Define the function preorder, which takes in a tree as an argument and returns a list of all the entries in the tree in the order that print_tree would print them.

The following diagram shows the order that the nodes would get printed, with the arrows representing function calls.

先序遍历是遍历树的一个基本方法. 我们要先记住根结点的值再去访问它的子树上的结点.

python

def preorder(t):
    """Return a list of the entries in this tree in the order that they
    would be visited by a preorder traversal (see problem description).

    >>> numbers = tree(1, [tree(2), tree(3, [tree(4), tree(5)]), tree(6, [tree(7)])])
    >>> preorder(numbers)
    [1, 2, 3, 4, 5, 6, 7]
    >>> preorder(tree(2, [tree(4, [tree(6)])]))
    [2, 4, 6]
    """
    result = []
    def helper(t):
        if t is not None:
            result.append(label(t))
            for b in branches(t):
                helper(b)
    helper(t)
    return result

Acknowledgements.

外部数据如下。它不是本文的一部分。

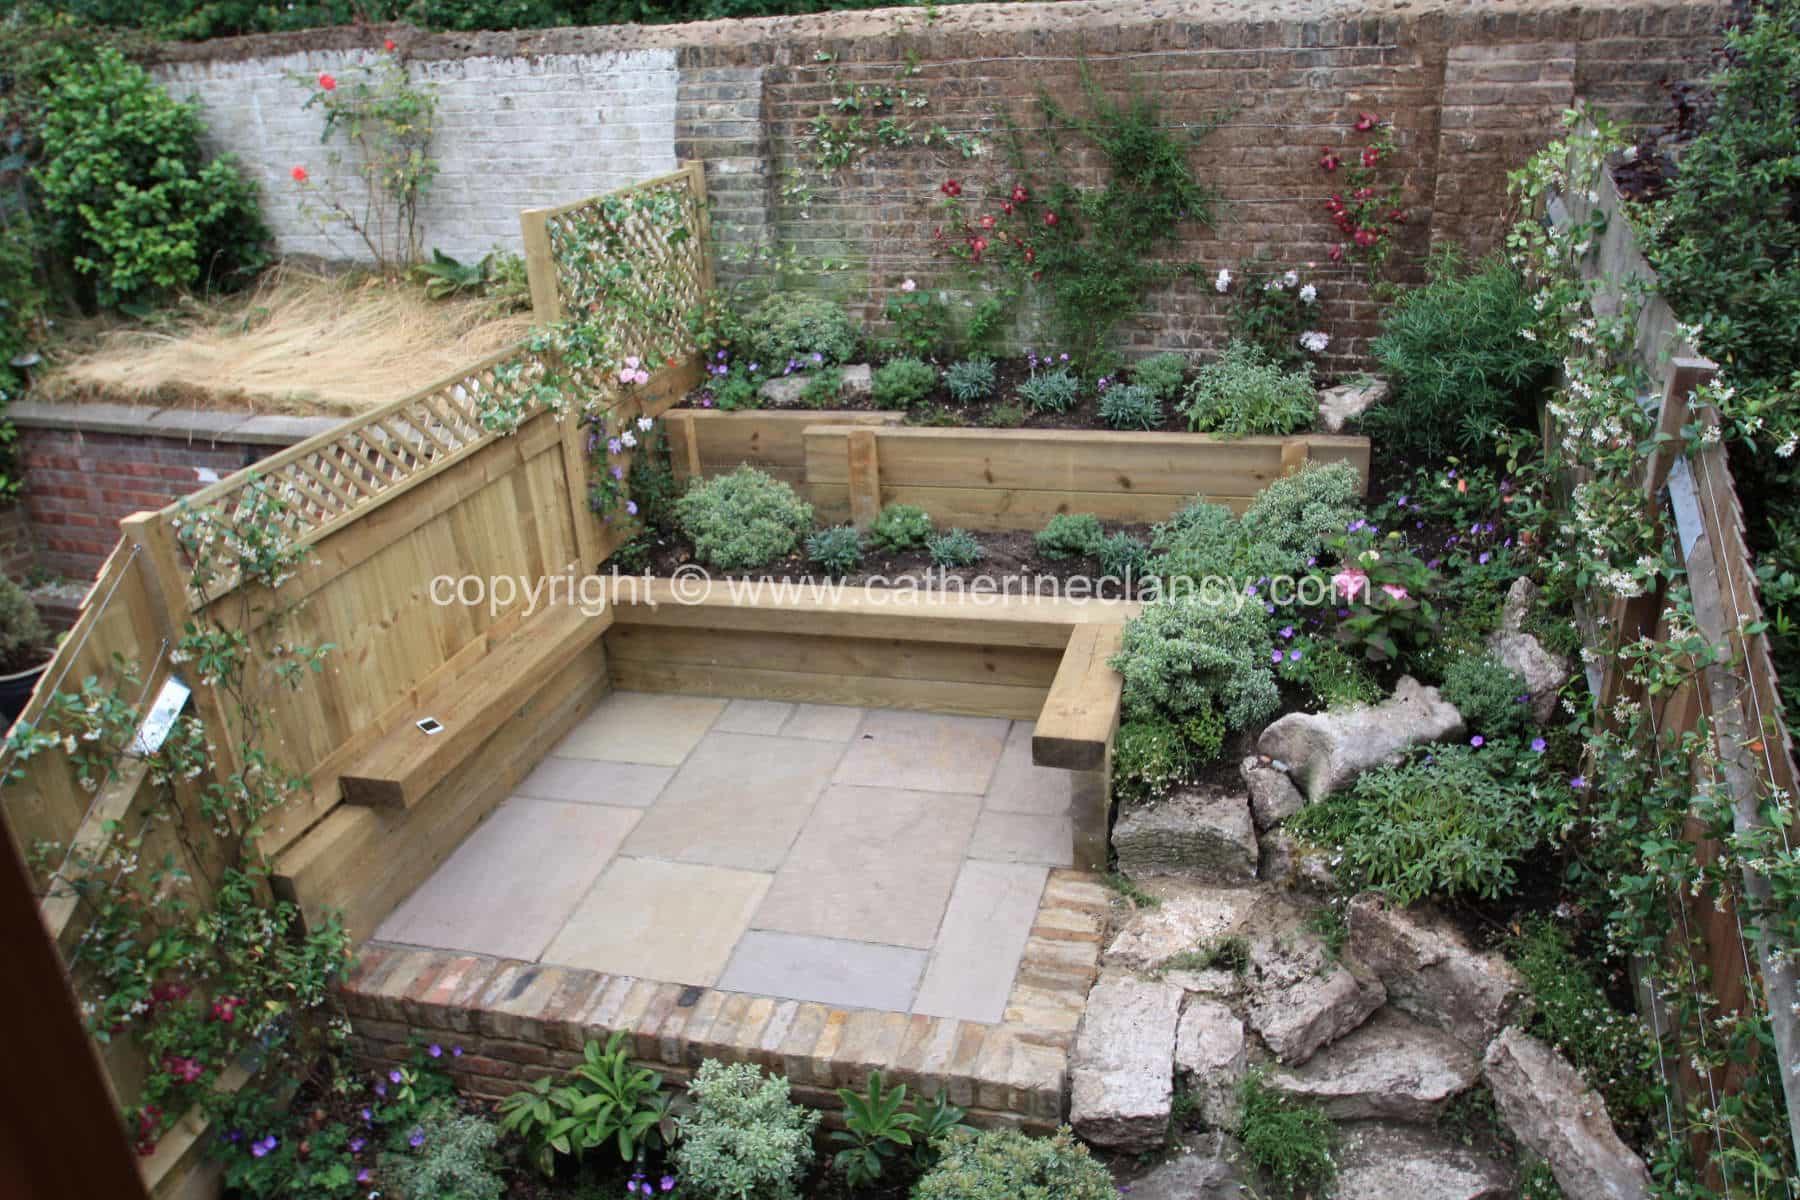 greenwich-terraced-garden-7

This interval arithmetic example is based on a classic problem from Structure and Interpretation of Computer Programs, Section 2.1.4.

Introduction. Alyssa P. Hacker is designing a system to help people solve engineering problems. One feature she wants to provide in her system is the ability to manipulate inexact quantities (such as measurements from physical devices) with known precision, so that when computations are done with such approximate quantities the results will be numbers of known precision. For example, if a measured quantity x lies between two numbers a and b, Alyssa would like her system to use this range in computations involving x.

Alyssa’s idea is to implement interval arithmetic as a set of arithmetic operations for combining “intervals” (objects that represent the range of possible values of an inexact quantity). The result of adding, subracting, multiplying, or dividing two intervals is also an interval, one that represents the range of the result.

Alyssa suggests the existence of an abstraction called an “interval” that has two endpoints: a lower bound and an upper bound. She also presumes that, given the endpoints of an interval, she can create the interval using data abstraction. Using this constructor and the appropriate selectors, she defines the following operations:

Alyssa’s program is incomplete because she has not specified the implementation of the interval abstraction. She has implemented the constructor for you; fill in the implementation of the selectors.

这道题的计算系统其实是用来计算电阻的. 我们知道电阻会存在误差(比如 $\pm5%$), 所以真正的电阻值应该是在一个区间里面的. 这就是这个所谓的的 interval 表示的. 所以 interval 其实也就是一个长度为 2 的 list 而已. 要得到它两侧的范围我们只要根据索引返回 x[0]x[1] 即可.

python

def interval(a, b):
    """Construct an interval from a to b."""
    assert a <= b, 'Lower bound cannot be greater than upper bound'
    return [a, b]


def lower_bound(x):
    """Return the lower bound of interval x."""
    return x[0]


def upper_bound(x):
    """Return the upper bound of interval x."""
    return x[1]

After implementing the abstraction, Alyssa decided to implement a few interval arithmetic functions.

This is her current implementation for interval multiplication. Unfortunately there are some data abstraction violations, so your task is to fix this code before someone sets it on fire.

python

def mul_interval(x, y):
   """Return the interval that contains the product of any value in x and any
   value in y."""
   p1 = x[0] * y[0]
   p2 = x[0] * y[1]
   p3 = x[1] * y[0]
   p4 = x[1] * y[1]
   return [min(p1, p2, p3, p4), max(p1, p2, p3, p4)]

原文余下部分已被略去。